Neutronic characteristics analysis of accident tolerant fuel and claddings for fuel assembly of light water reactor

UO2 fuel with zirconium-based cladding material (UO2−Zr) is being used in the LWR reactor since it has optimal performance under normal conditions. At temperatures above 800°C, zirconium oxidation by water can occur which is an exothermic reaction and could lead to hydrogen production. For this reason, accident tolerant fuel (ATF) is needed as a solution to increase reactor safety but also maintain or further increase efficiency and fuel reliability. U3Si2 fuel has a higher uranium density and thermal conductivity than UO2 fuel, which could be used to compensate for negative reactivity caused by cladding material. The purpose of this study was to determine the neutronic parameters of U3Si2 fuel material in combination with various types of cladding material, e.g Zr-based, SS310, SS304, FeCrAl, APMT, HT9, and SiC, on the AP1000 standard 17×17 fuel assembly. Calculated neutronic parameters are infinite multiplication factor (k-inf), Doppler temperature coefficient (DTC), moderator temperature coefficient (MTC), and neutron spectrum. The calculation results will be compared with a reference UO2−Zr fuel assembly.
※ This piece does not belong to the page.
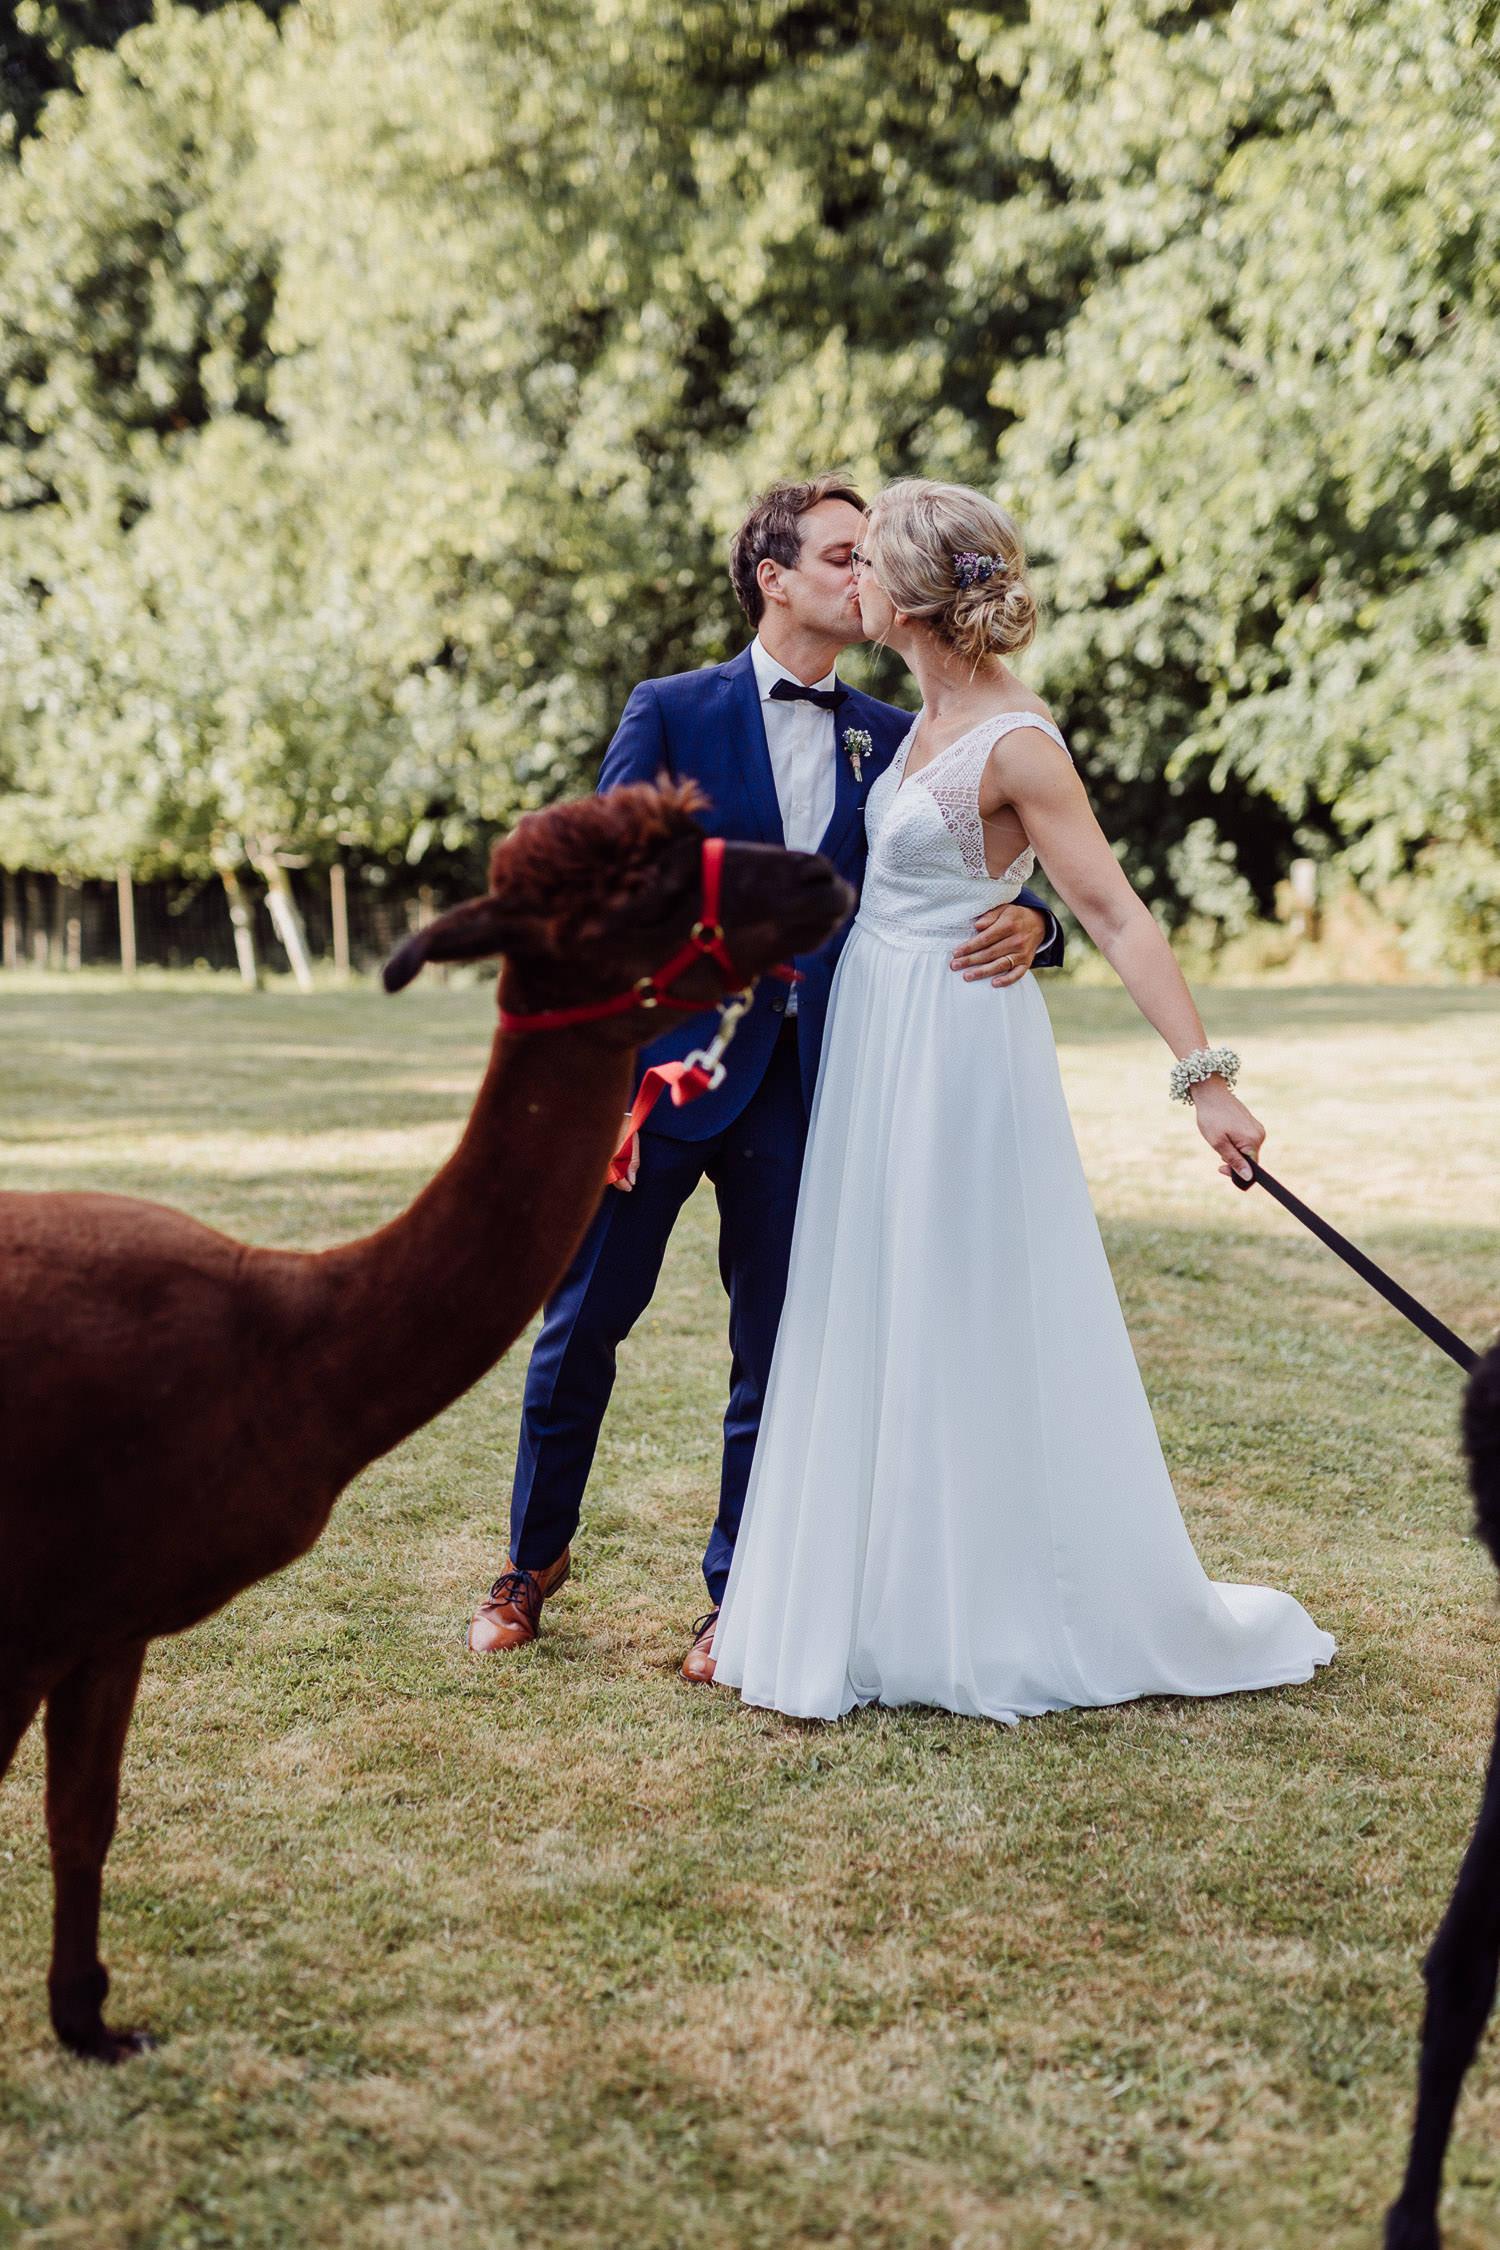 Hochzeitsfoto mit Alpakas auf dem Hof von Laer

Calculations were carried out under hot full power (HFP) conditions without soluble boron and with 1184 ppm soluble boron using SRAC2006 code and ENDF/B-VII.0 cross-section library. The k-infinity difference compared to the reference (UO2−ZIRLO) of U3Si2 fuel with SiC cladding without soluble boron is 464.80 pcm, and 1226.44 pcm with 1184 ppm soluble boron. The difference due to the presence of soluble boron caused UO2 fuel to have a larger thermal neutron spectrum than U3Si2, hence making soluble boron more effective in oxides fuel rather than silicide fuel. U3Si2 fuel material with cladding material FeCrAl and APMT has a difference lower than 4500 pcm, while with SS310, SS304, and HT9 cladding has a difference of 5000-7500 pcm compared to the reference. The fuel temperature coefficient (DTC) and moderator reactivity coefficient (MTC) is negative which same as the reference and shows an inherent safety feature. Based on the results of this calculation, U3Si2 fuel with SiC, FeCrAl, and AMPT cladding has the potential as an ATF candidate from the neutronic aspect.